Replicating data from Hacker News (Firebase) to RethinkDB

Image courtesy of the amon.cx blog

A couple of days ago, I posted about my fun side project, called TopHN. Basically, a real time display of the Hacker News top stories. Well, this article proved to be really popular amongst the hacker community and I got plenty of messages and tweets about it, asking me to expand upon my project.

Well, I am more than happy to do this, so what I thought I would do was to publish two or three more blog posts which would delve a bit deeper into the code and how I built my project.

The Components

There are basically two main sections to my TopHN project, and indeed, these run on two separate virtual servers. One server is basically my RethinkDB server that I set up on Digital Ocean’s $10/month VPS running Ubuntu Linux. This server also runs a short (~100 lines) Node.js app which is purely used to read the data from the Hacker News Firebase feed and store a replicated copy in RethinkDB.

The other server is the ‘presentation layer’, and also runs a small Node.js app which is built to serve up the front page of the site, and also to listen to the RethinkDB server in real time and push the changed information to the web browsers that are connected.

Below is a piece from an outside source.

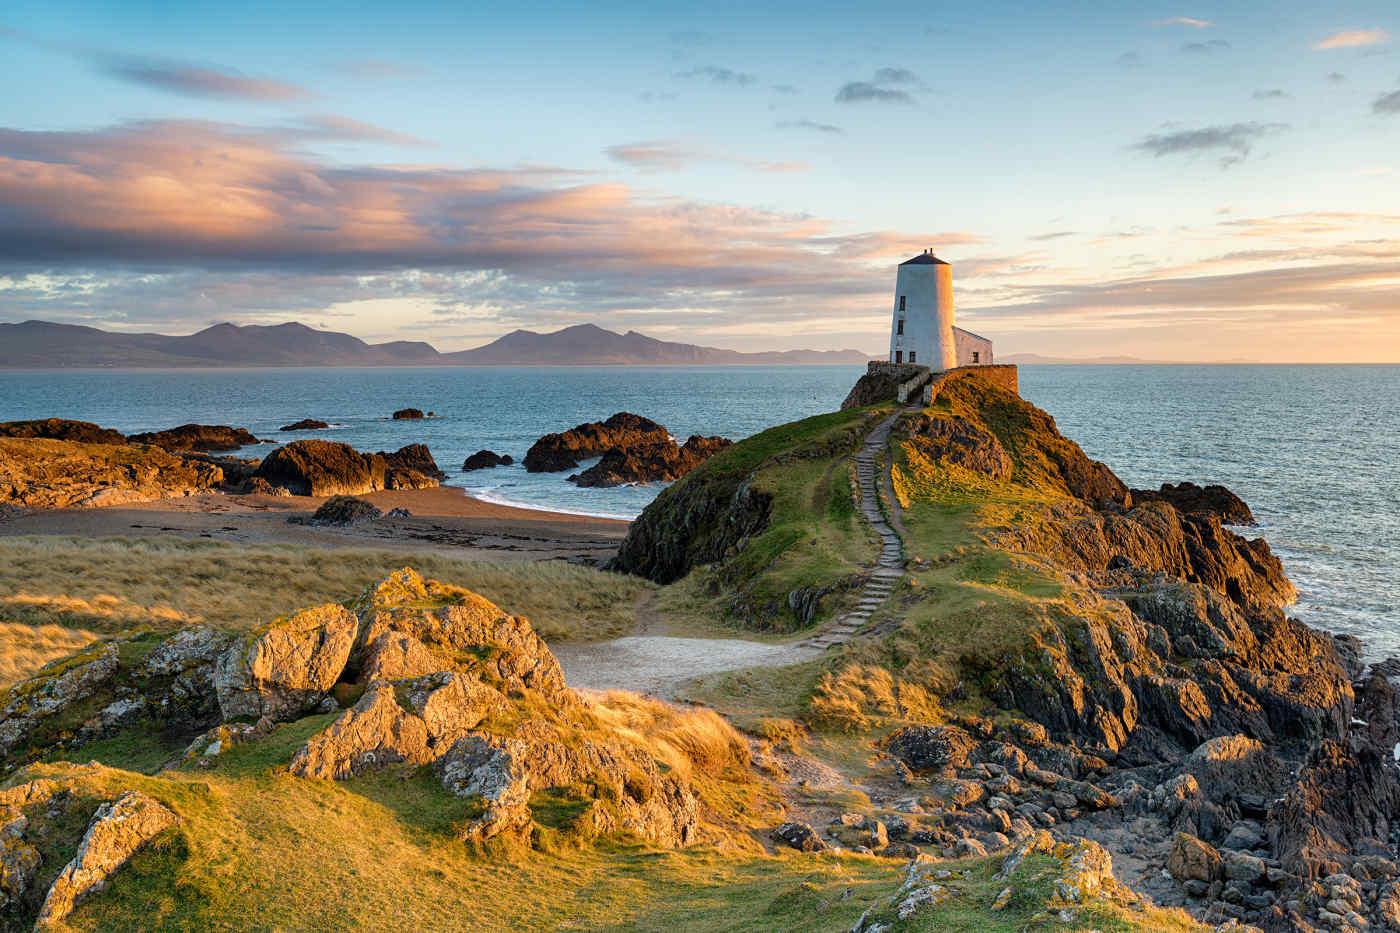 Llanddwyn Lighthouse, Anglesey, Wales

Today, I want to talk about the first server, which hosts my RethinkDB database, and the ‘feeder’ Node.js app which grabs data from Hacker News.

Installing RethinkDB

I won’t go into the actual installation steps here too much, because there are already great instructions on the RethinkDB site. Basically, once you have a Digital Ocean (or any other) Linux VPS set up, you simply need to get root console access and follow the step by step instructions on the RethinkDB site to get up and running. It is really easy, which is one of the reasons I went with this database for this project.

Once you have installed and started the RethinkDB server, you can access the control panel by going to

http://<your VPS IP Address>:8081

Tip: I would secure this management portal behind a reverse proxy, and set and admin password so that random people on the internet who figure out your RethinkDB server can’t just log in and manipulate your data. Once again, excellent instructions for doing so are on their site. I highly recommend that you do this before carrying on, but if time is short, you can continue with the instructions in this post and come back to this later.

Setting Up The Data Tables

There are a couple of ways you can do this, via code, or manually do it in the management console. I am going to do it in the console because it is really a ‘once off’ exercise, and saves a few lines of code which may confuse people later.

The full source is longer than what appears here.